便在此時,一陣悠揚的笛聲,忽然自下方傳來。

那笛聲清越,如泉水叮咚,又如春風拂面,帶著一種說不出的蠱惑之力,傳入每一個天師府弟子的耳中。那笛聲中彷彿帶著某種奇異的韻律,讓人心神搖曳,意志動搖。不少修為較低的弟子,眼神逐漸迷離,手中的攻勢也不自覺地放緩了下來。

張天師眉頭一皺,循聲望去,只見城樓之上,不知何時多了一道白衣身影。

那人一身月白長衫,衣袂飄飄,墨髮以一根白玉簪半束,餘下的披散在肩頭,襯得他那張本就俊美的面容,更多了幾分出塵之氣。他手中持一支玉白笛子,笛身瑩潤,泛著淡淡的光澤,正是那支聞名天下的玉笛——落梅。
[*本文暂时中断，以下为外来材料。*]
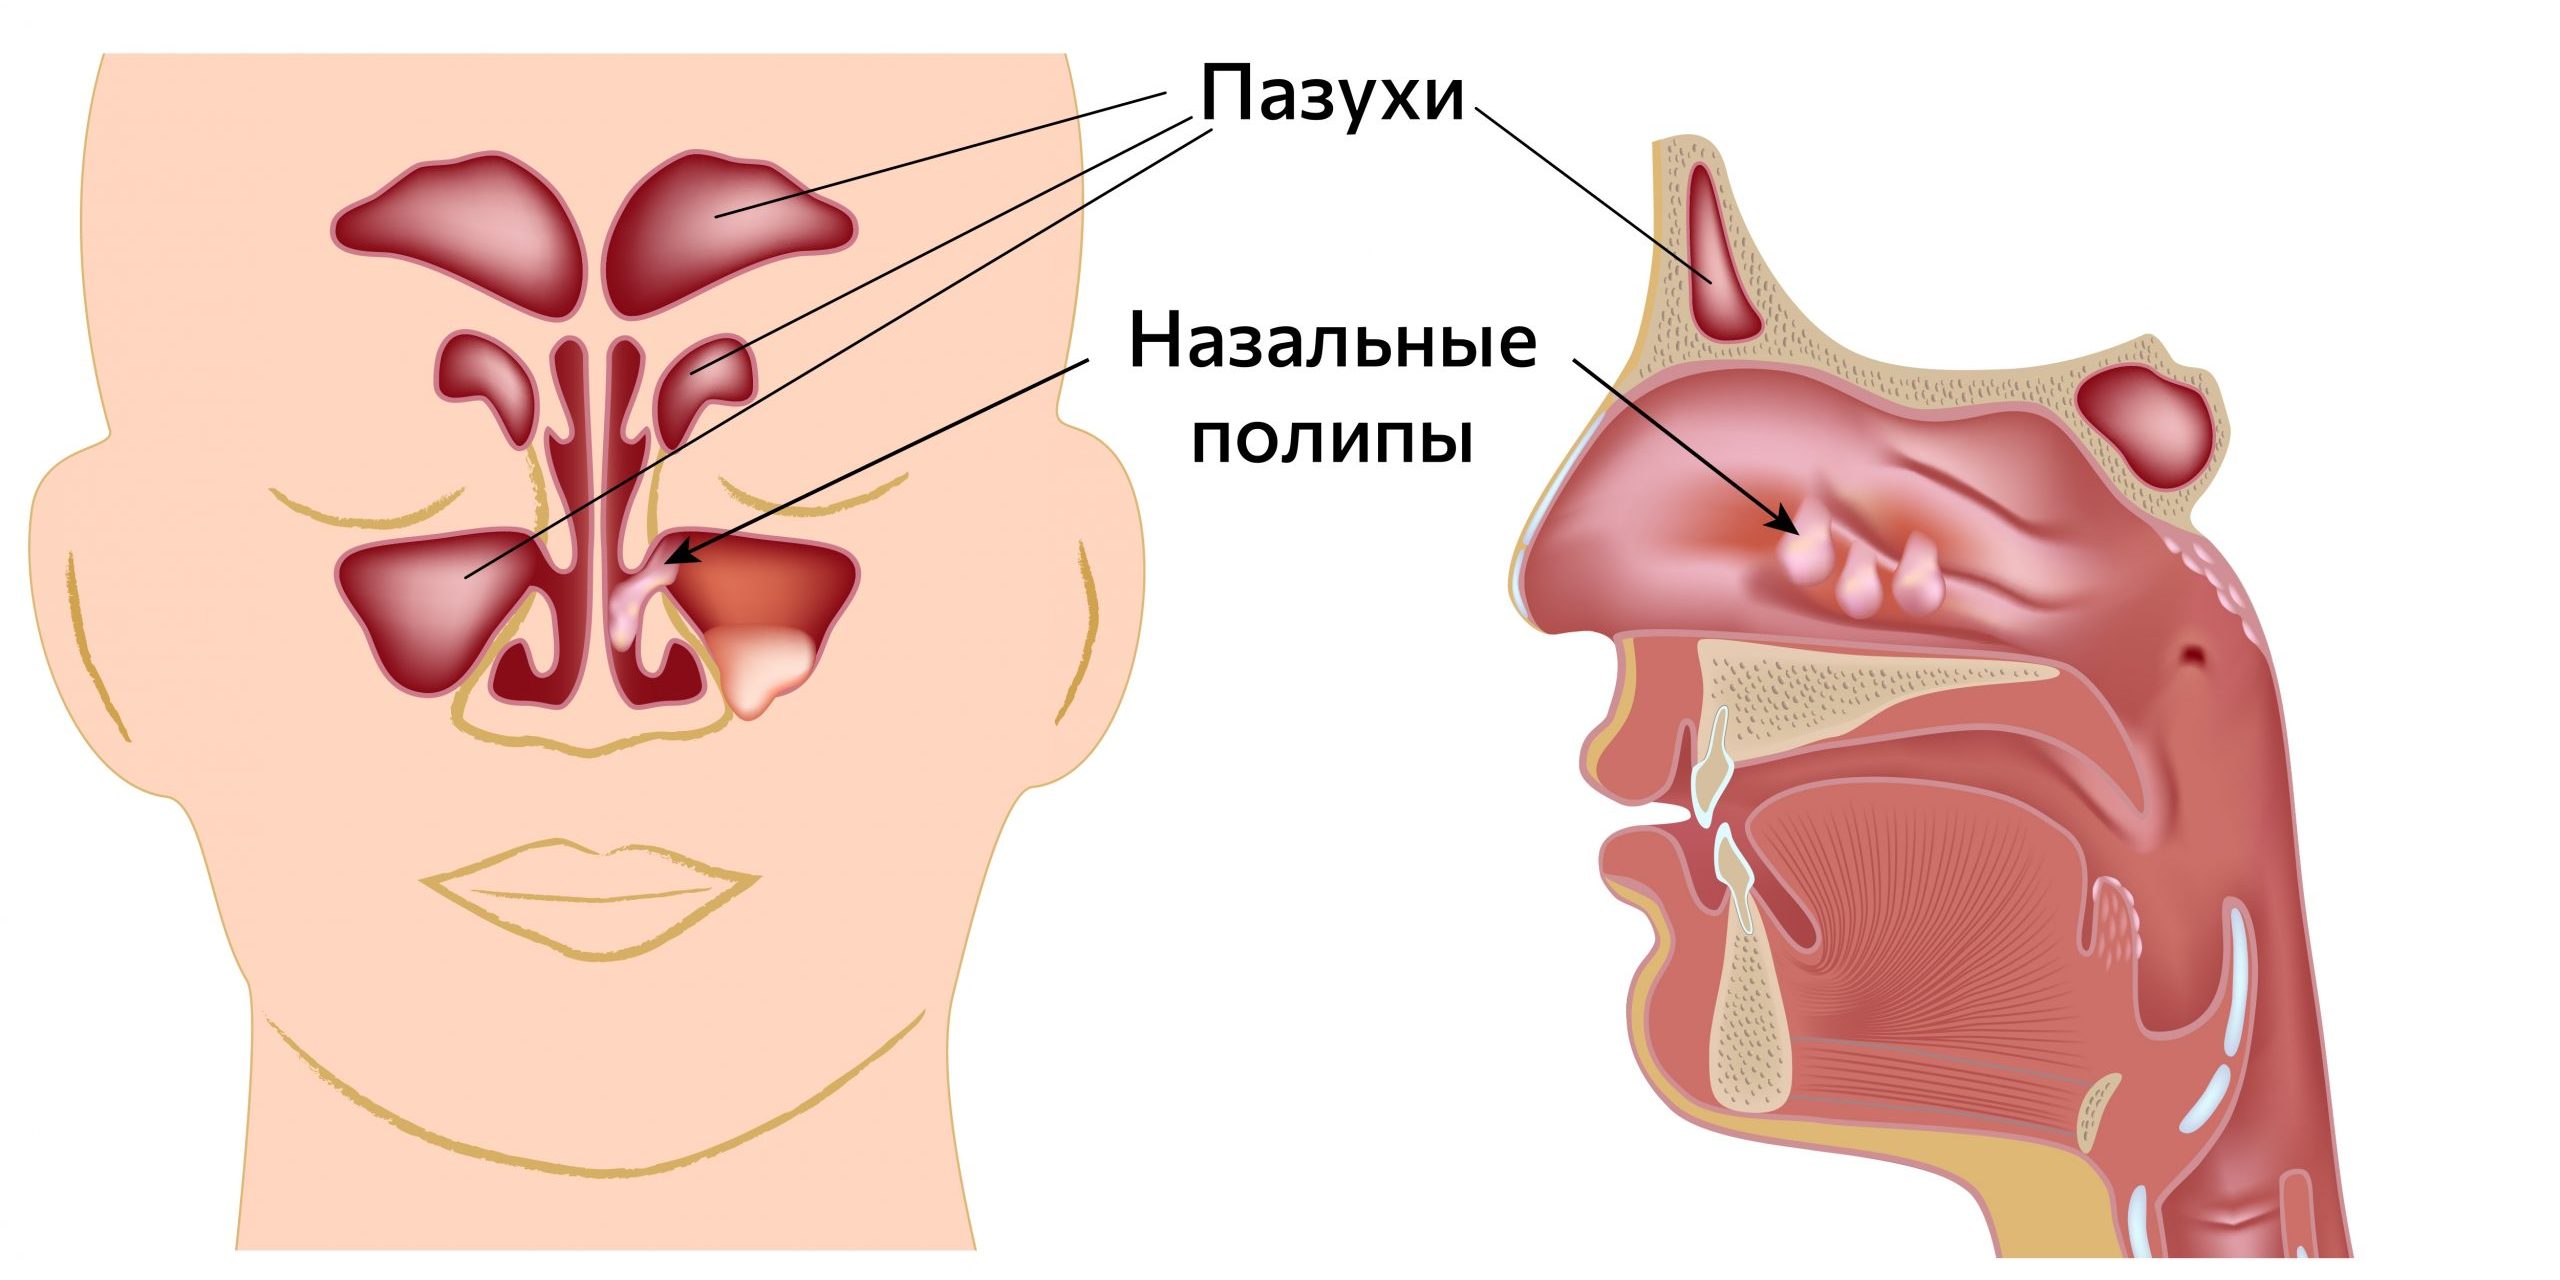 Полипы в носу: симптомы причины, лечение
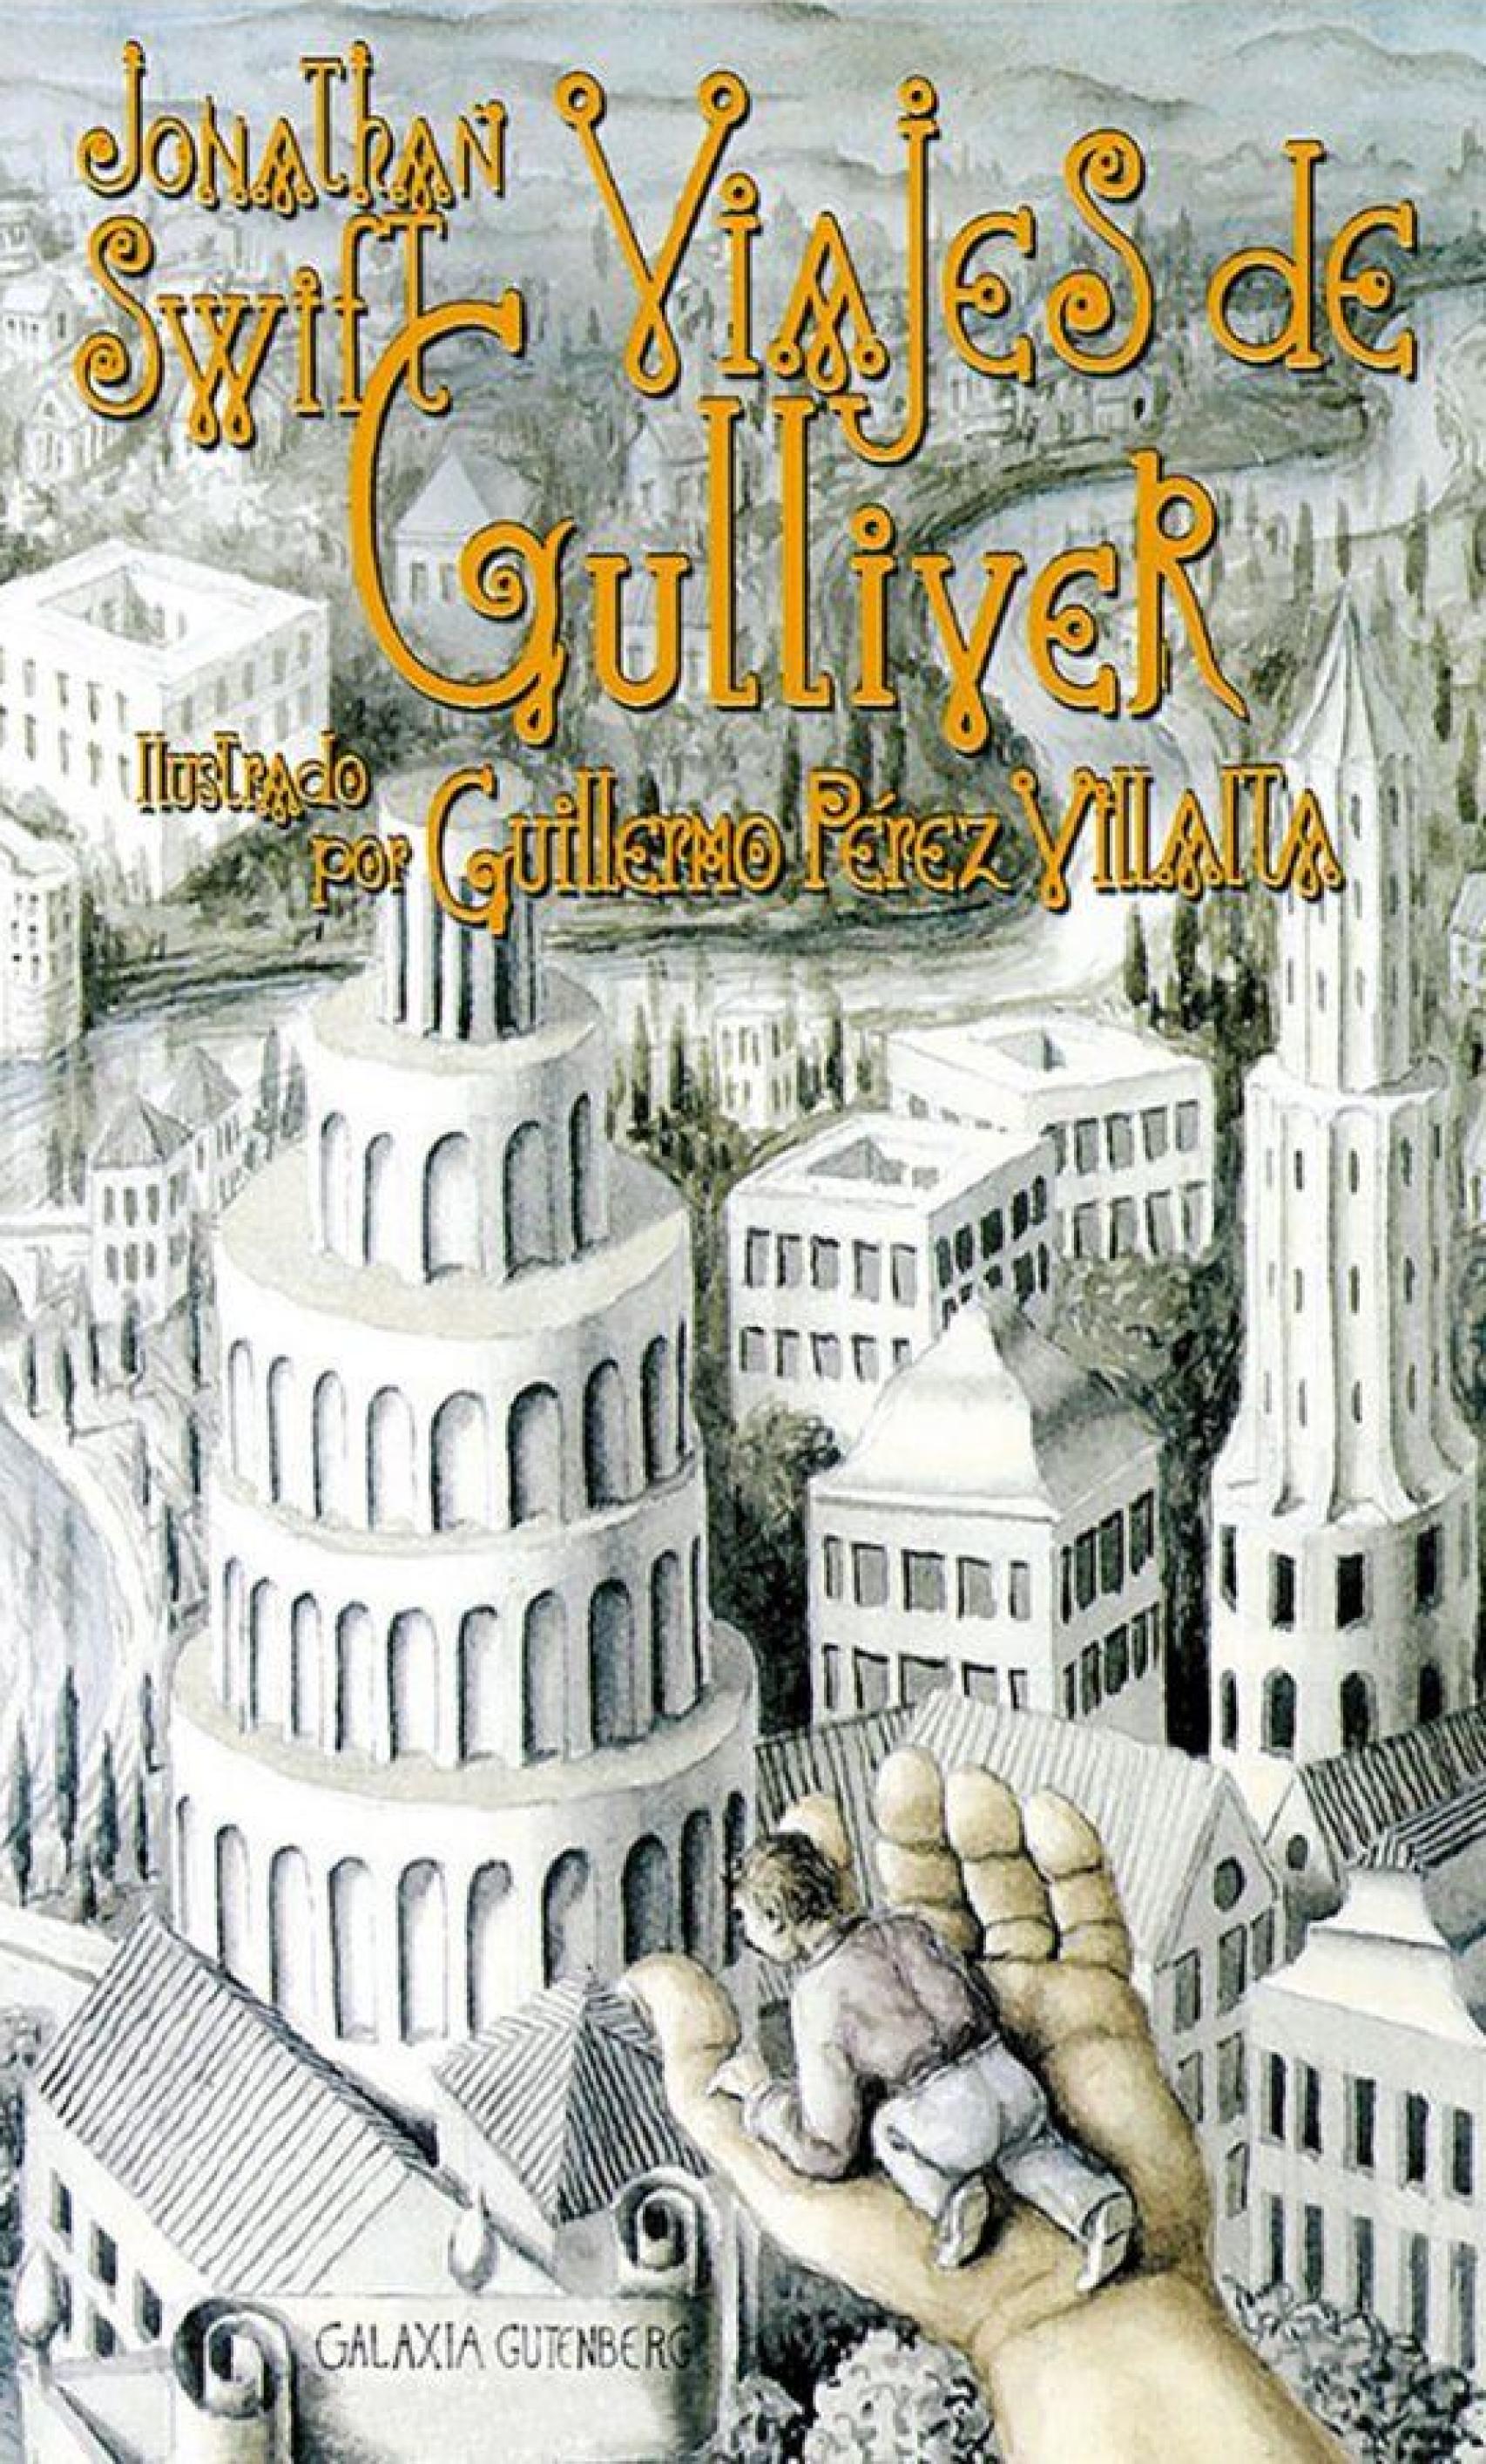 Portada de la edición de Galaxia Gutemberg de 'Los viajes de Gulliver'

他站在城樓最高處,風吹起他的衣袂與髮絲,如謫仙臨世,又如畫中走出的人物。他面色仍有些蒼白,顯然傷勢未愈,但他站在那裡,握著那支玉笛,整個人便散發出一種難以言喻的氣質,讓人不敢輕視。

正是賀蘭清硯。

他將玉笛湊至唇邊,十指靈動,吹奏出一段旋律。那旋律婉轉纏綿,如泣如訴,卻又帶著一種深入骨髓的蠱惑之力,讓聽到的人不由自主地沈醉其中,心神恍惚。那笛聲在空中迴盪,與那漫天的殺氣形成鮮明的對比,卻偏偏能瓦解那殺氣,讓人的鬥志一點點消散。

這便是賀蘭清硯最擅長的——以笛聲蠱惑人心。

落梅笛聲,向來有落梅如雪,一曲斷腸的說。傳聞這支笛子乃是用千年寒玉雕琢而成,又經高人加持,吹奏出的樂曲能夠直入人心最深處,勾起人心中最柔軟的記憶,瓦解人的意志。若是賀蘭清硯全力施為,甚至能以笛聲控制他人的心神,讓對方成為自己的傀儡。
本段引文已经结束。